Copy exactly the lines of the material below that fall between the line with "Comfort Colors 6014/C6014" and the line with "A deerstalker hat, a", both of those lines included; pictures stay out.

*** Opening Records for this exercise ***

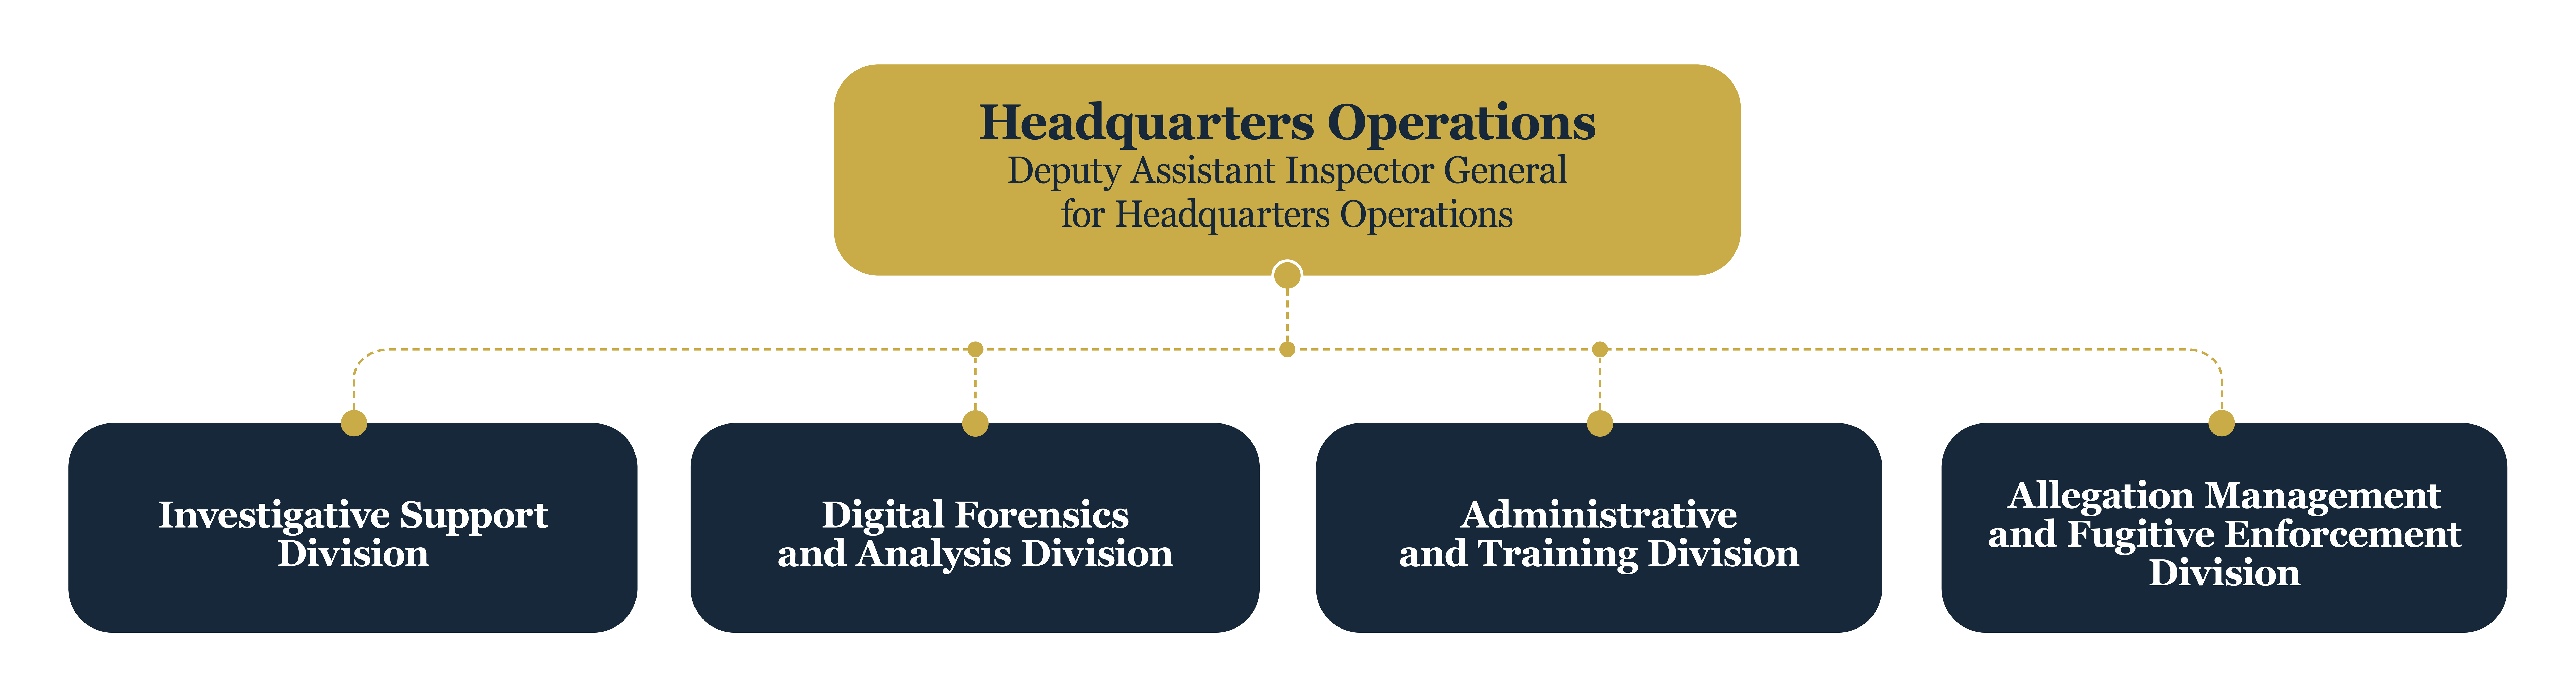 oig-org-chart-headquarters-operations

*** Closing Records for this exercise ***
*** Opening Records for this exercise ***

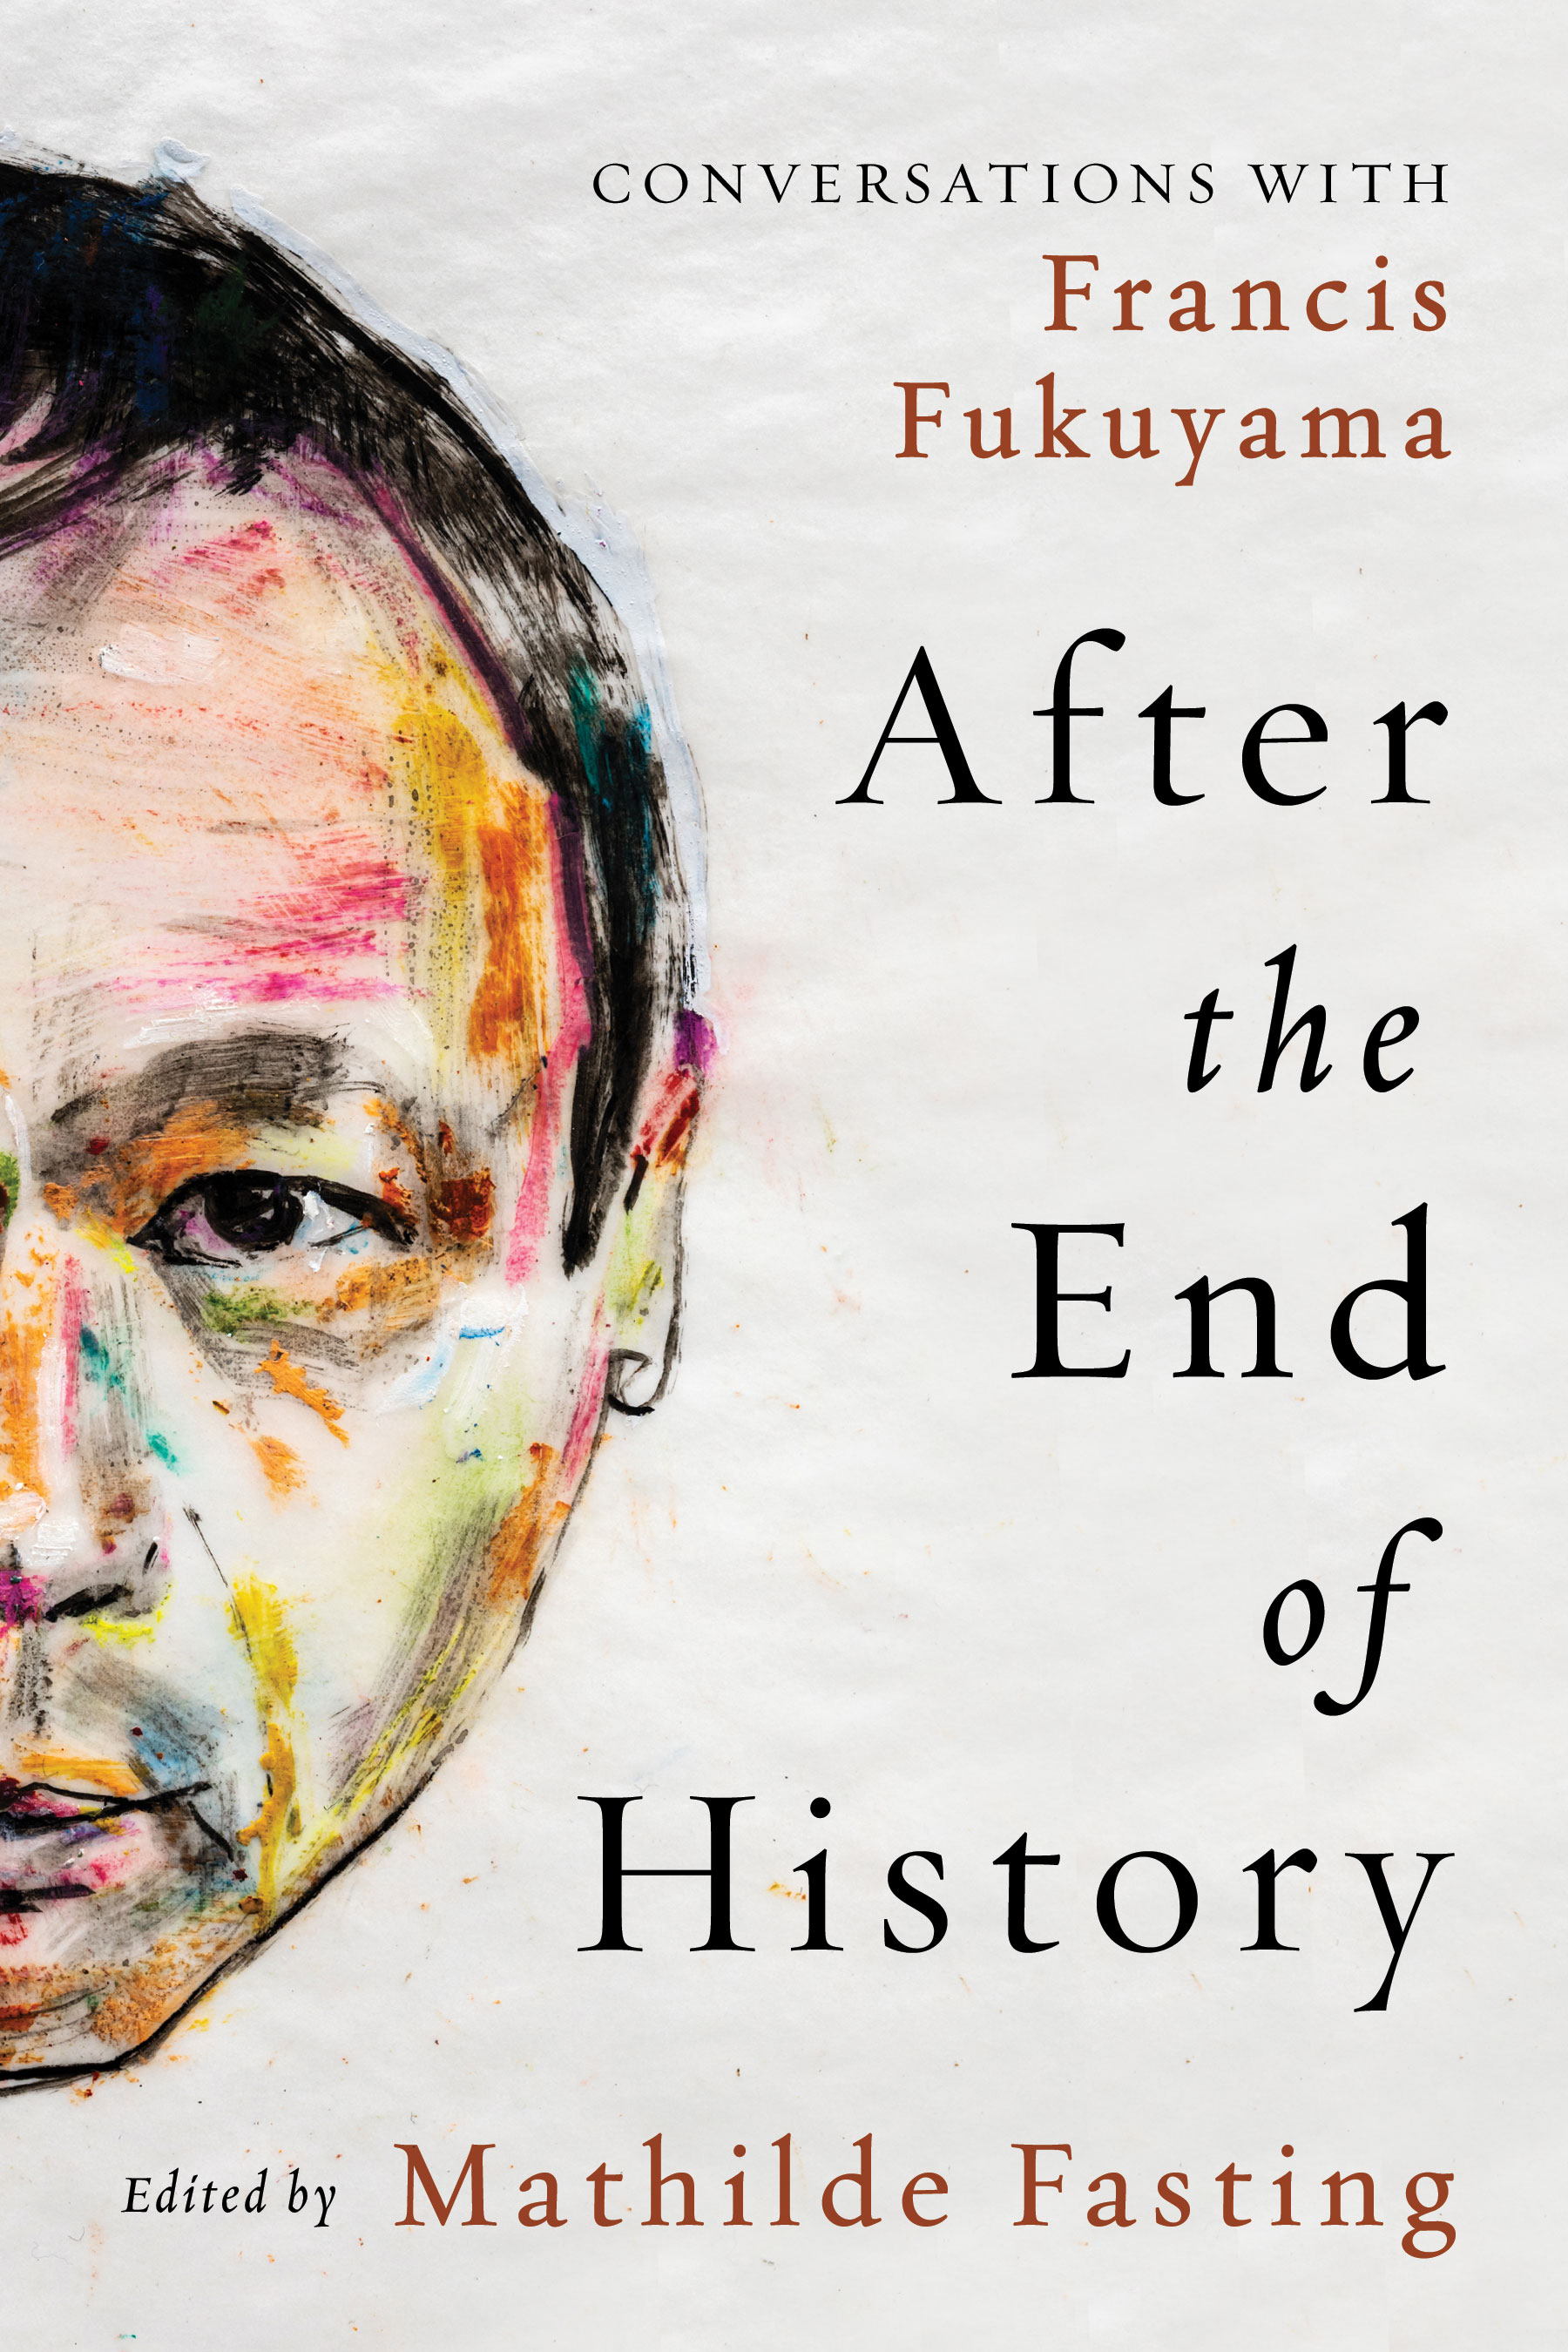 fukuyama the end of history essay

*** Closing Records for this exercise ***
*** Opening Records for this exercise ***

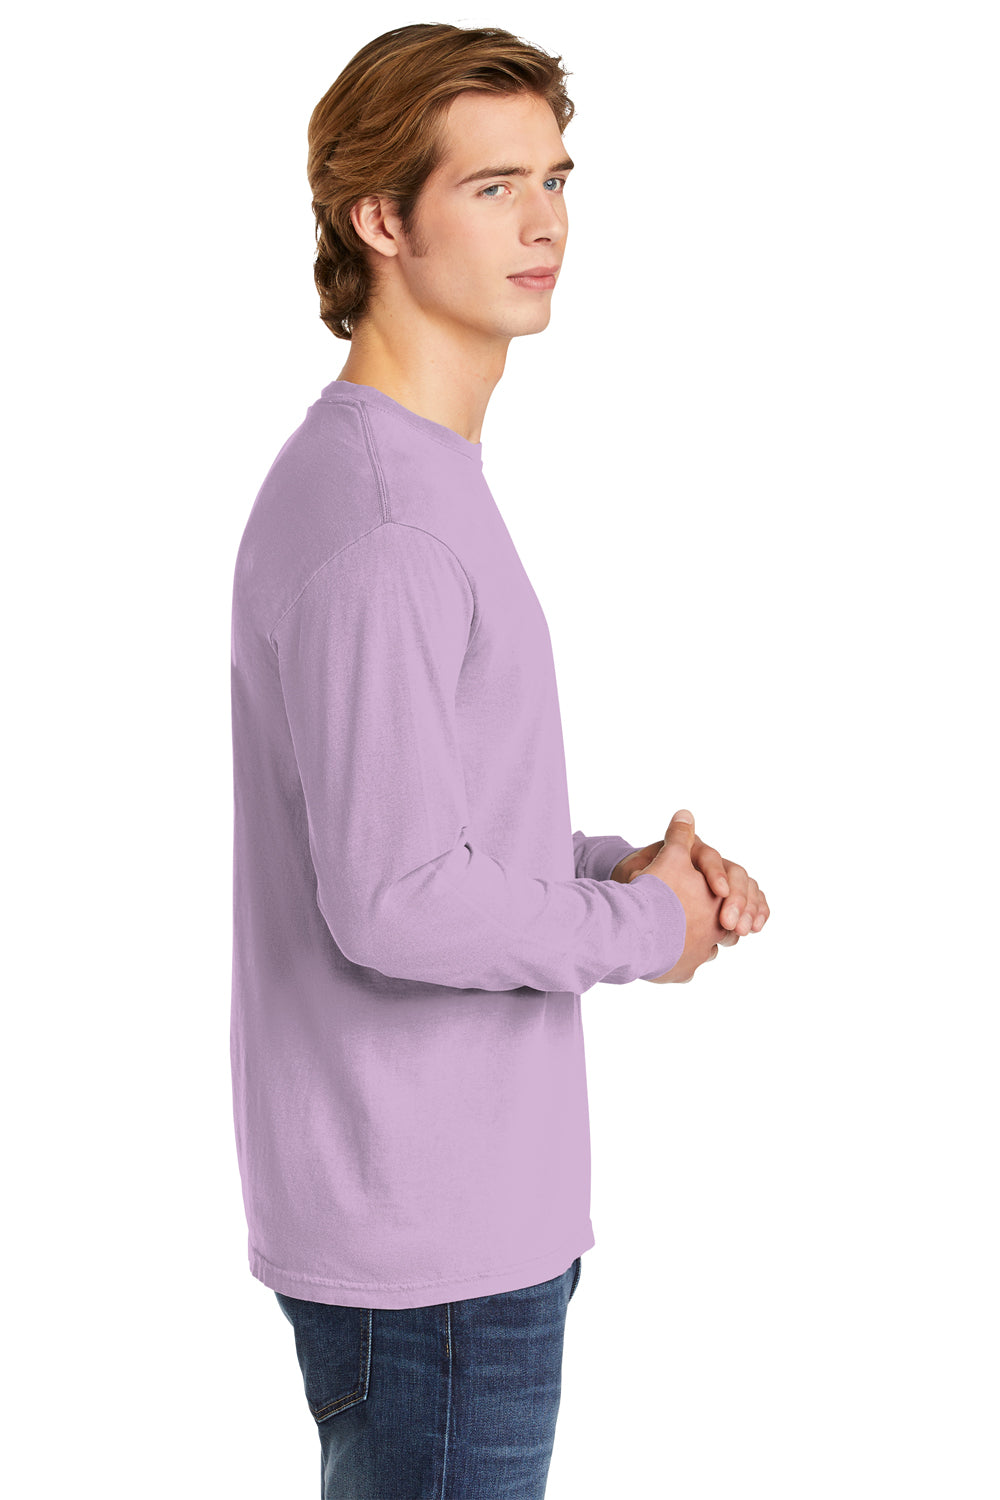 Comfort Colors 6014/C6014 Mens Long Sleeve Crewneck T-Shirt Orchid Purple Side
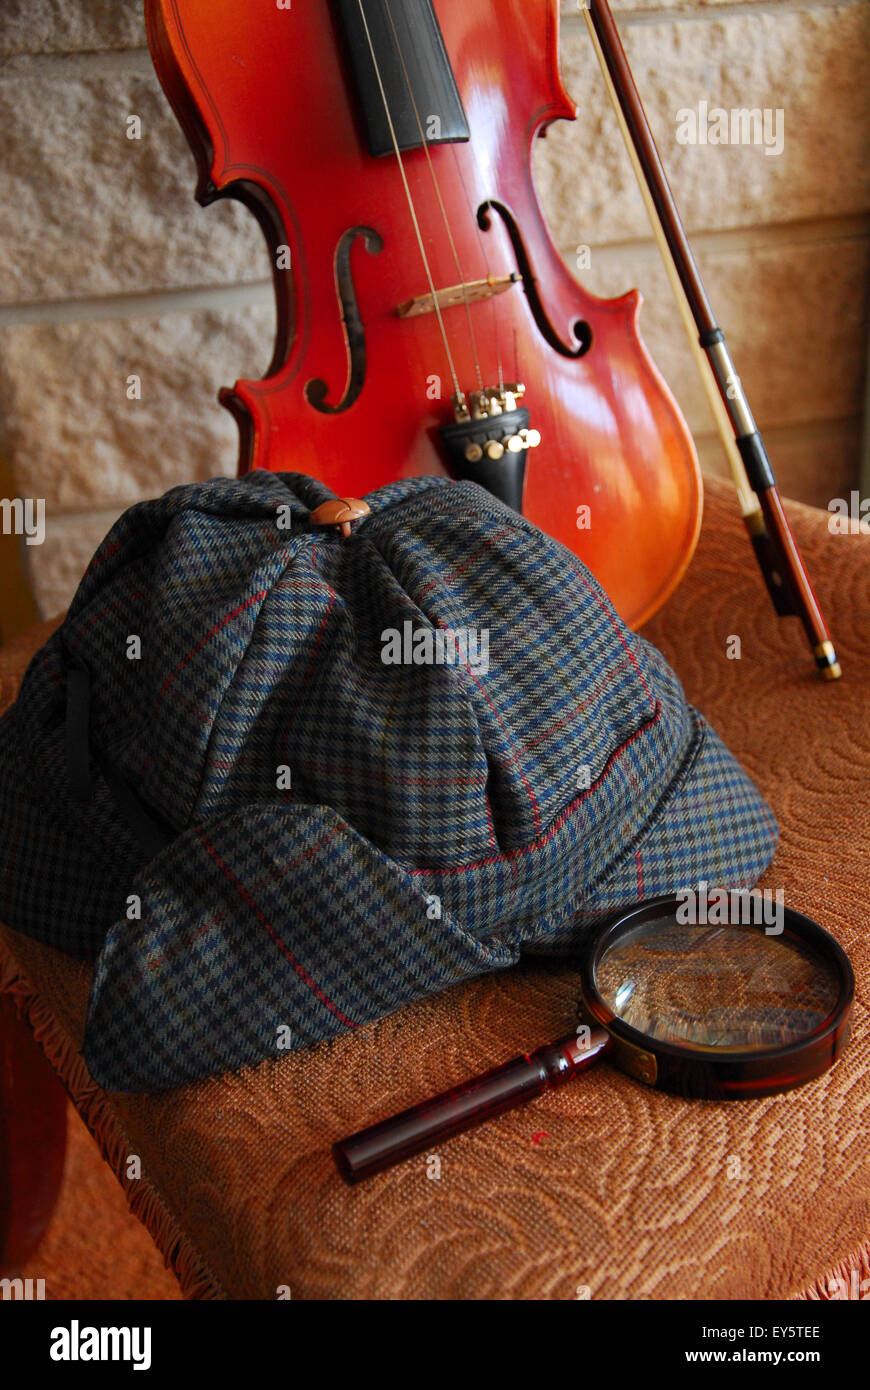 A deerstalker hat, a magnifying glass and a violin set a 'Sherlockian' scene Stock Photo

*** Closing Records for this exercise ***

Response to the task:
 Comfort Colors 6014/C6014 Mens Long Sleeve Crewneck T-Shirt Orchid Purple Side
 A deerstalker hat, a magnifying glass and a violin set a 'Sherlockian' scene Stock Photo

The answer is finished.